On Tuesday, the 20th of August 2019, banking regulators of United States had handed over one of the biggest victories for Wall St. lenders, while a torn-apart Volcker rule eased trading norms for Wall St. investment banks, but drew criticism from several consumer activists including a US Democrat lawmaker who had been cautioning investors on potential risks involved in latest reform.
As beforementioned, after several hours of tentative talks, the Federal Deposit Insurance Corporation alongside the Office of the Controller of Currency had approved a much-reformed version of a so-called “Volcker Rule,” which believed to have cushioned US economy during the era of great financial depression between 2007-2009.

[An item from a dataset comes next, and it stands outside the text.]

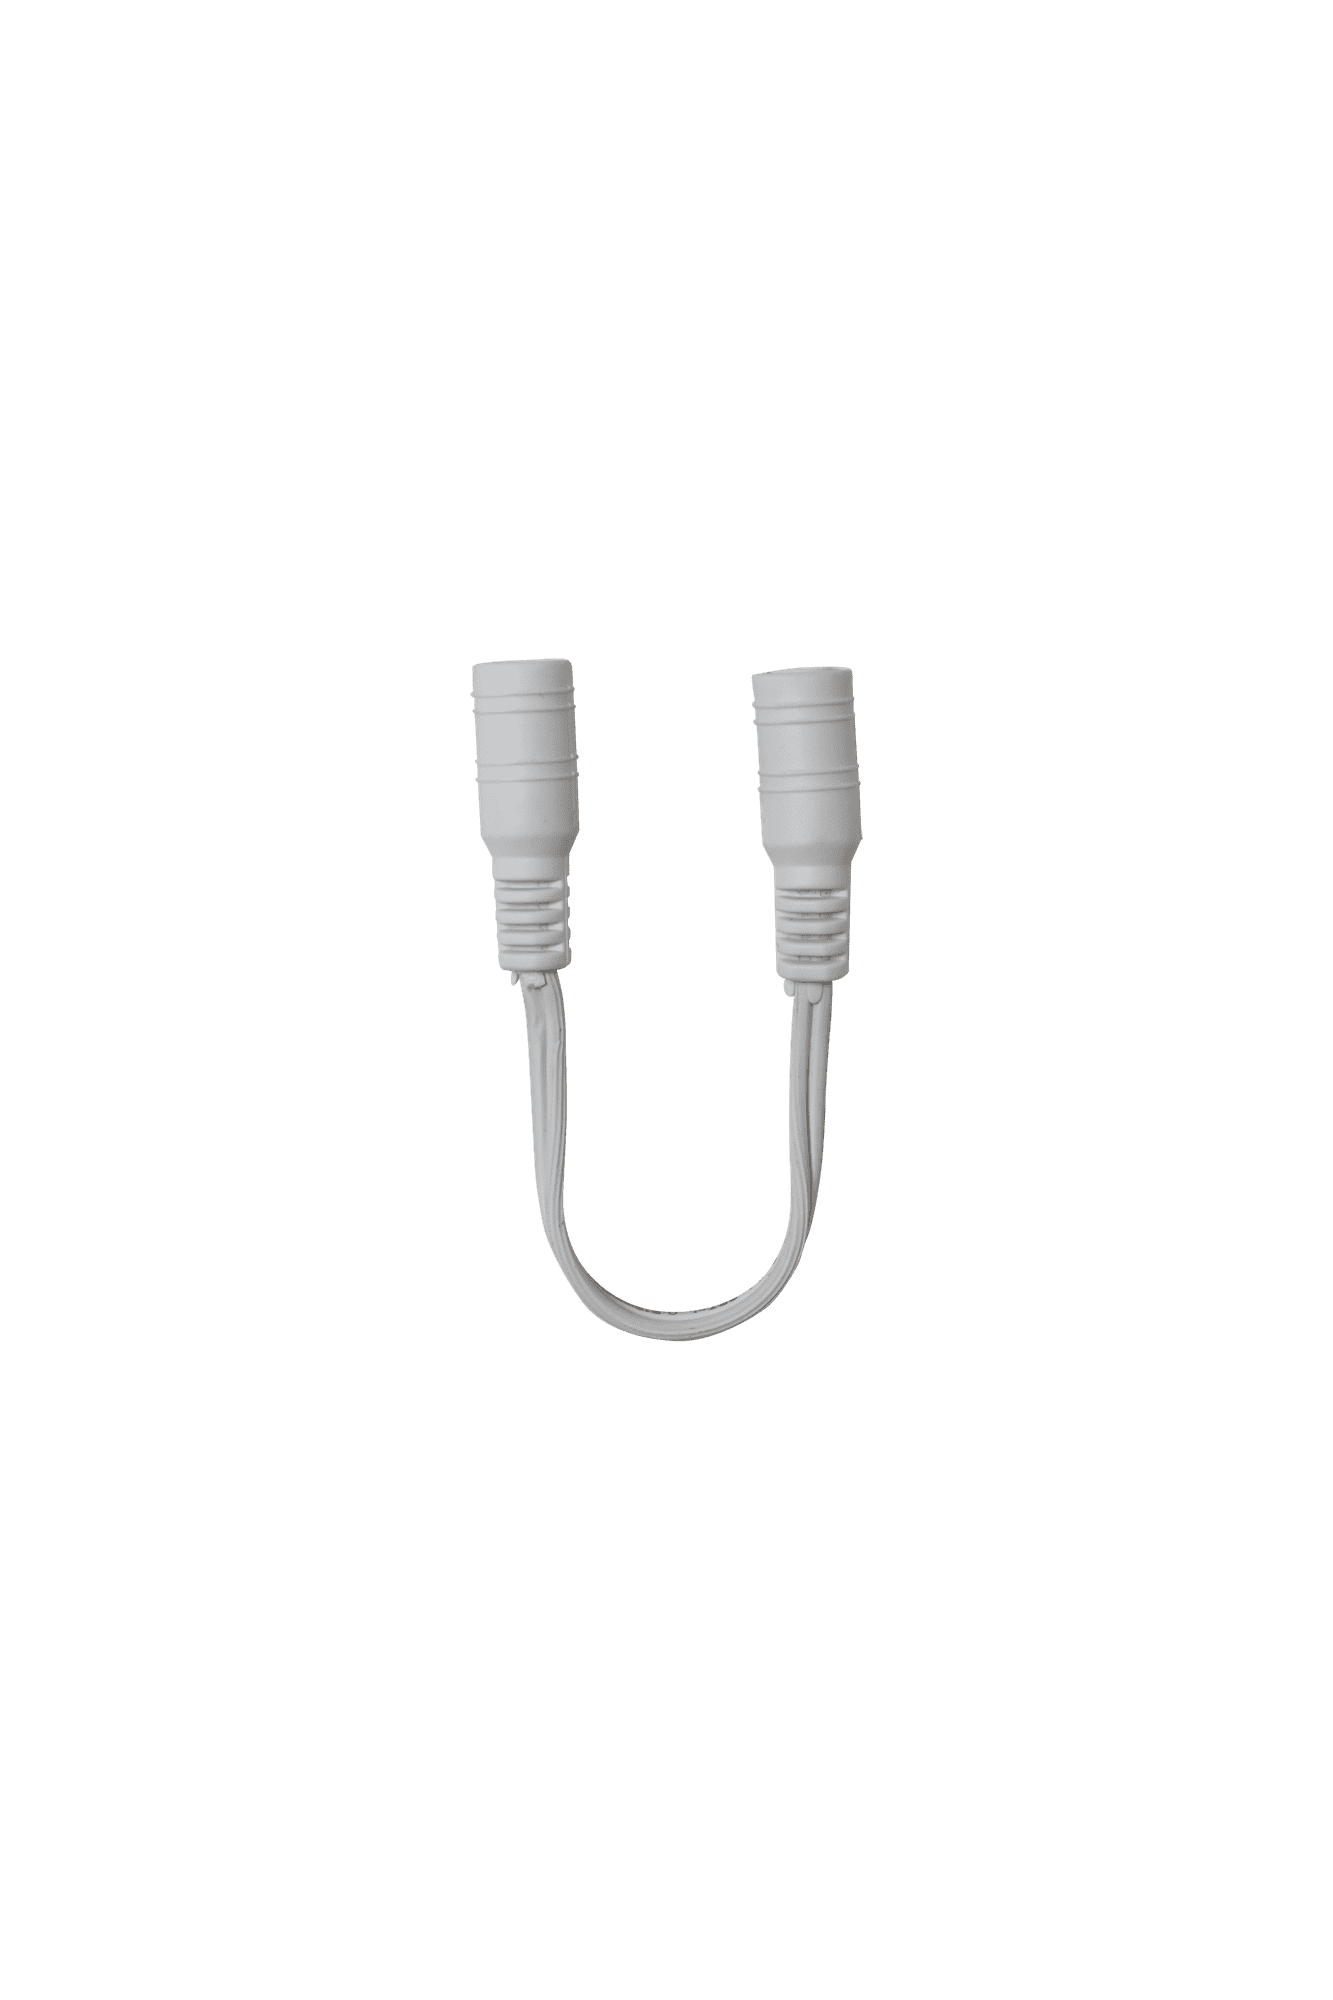 991733_adaptercable_300
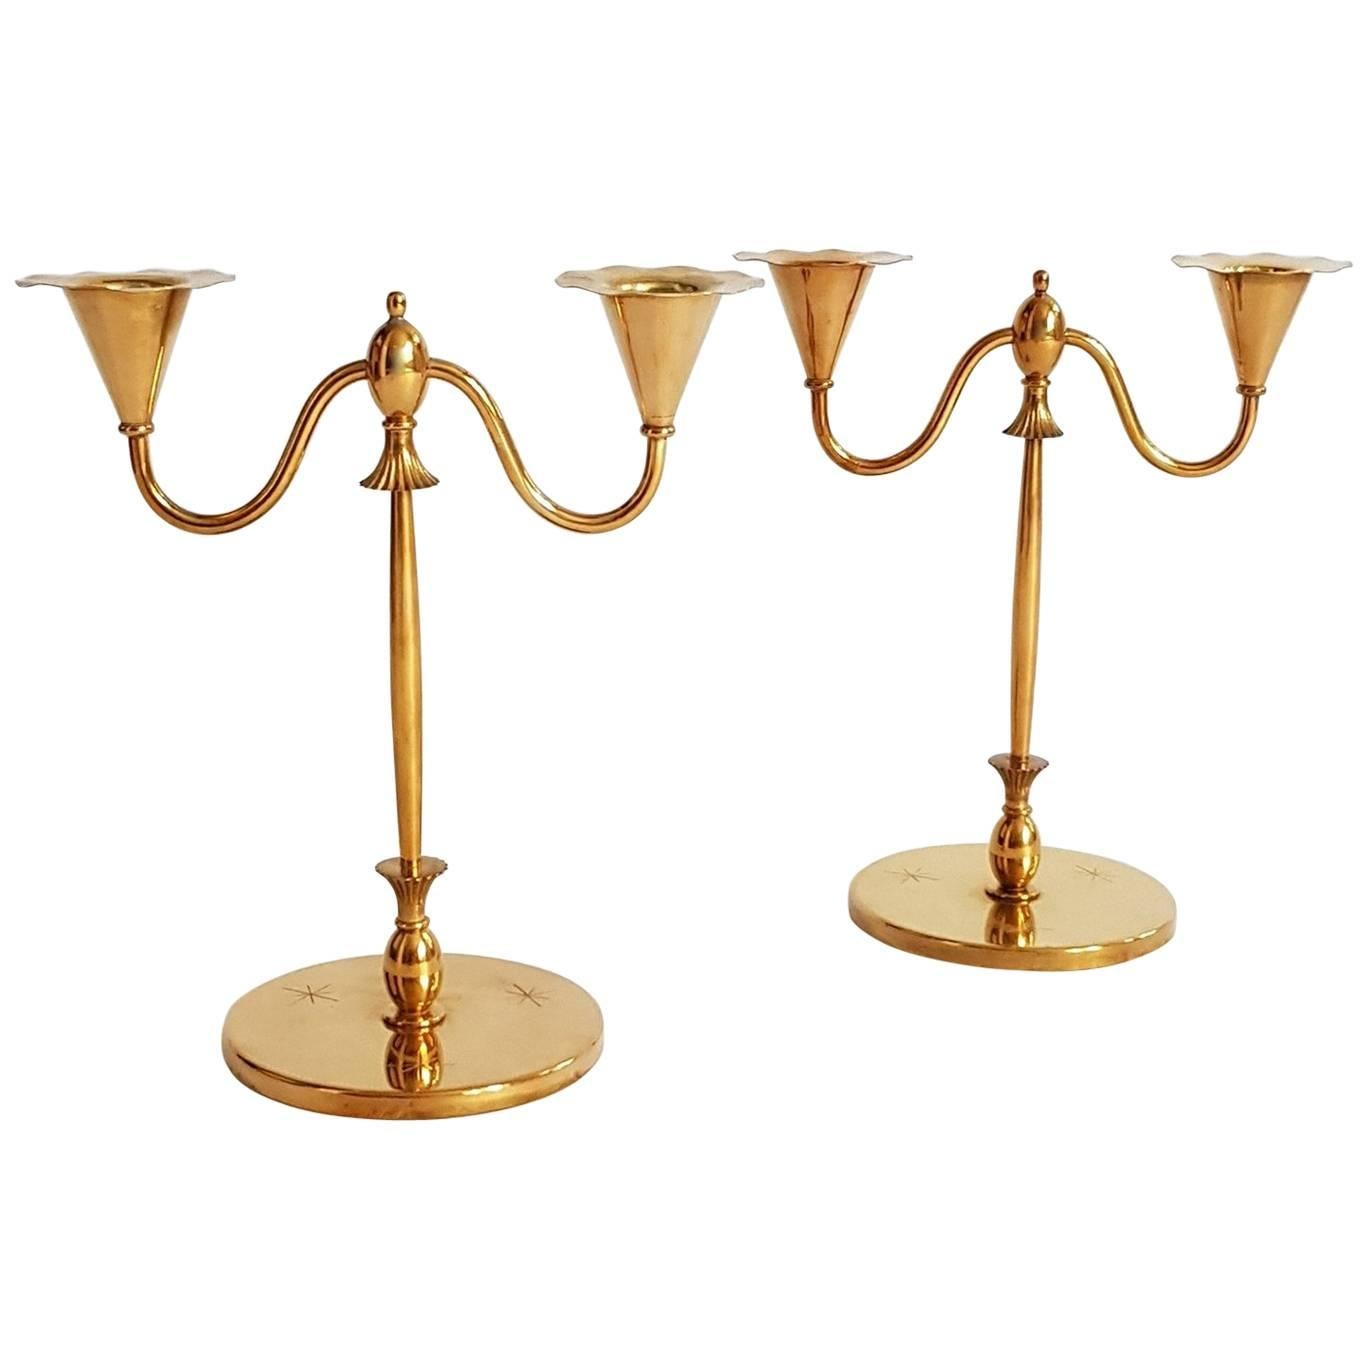 This pair of superb Swedish brass candlesticks is in excellent condition. Made in the so-called Swedish Grace style which was the Swedish equivalent to Art Deco during the late 1920s-early 1930s.

In financial terms, the original Volcker Rule, proposed by former Fed Chair Paul Volcker was aimed to restrict Wall St. banks from making investments over market speculation that could not benefit customers directly. Nonetheless, the potential changes in “Volcker rule”, first proposed back in May 2019, involved years of lobbying efforts by larger Wall St.
lenders likes of Goldman Sacks Group Inc., Morgan Stanley and JPMorgan Chase & Co., all of which had long been complained that the legislation was too vague and complicated. On top of that, Tuesday’s (August 20th) new rule, which came as a blessing for Wall St.
investment banks, would proffer Wall St. lenders a breather in terms of trading activity. On the flipside, following release of Tuesday’s (August 20th) verdict, several analysts were quoted saying that recent rules had been substantially different from an earlier proposal and might even become vulnerable to legal challenges.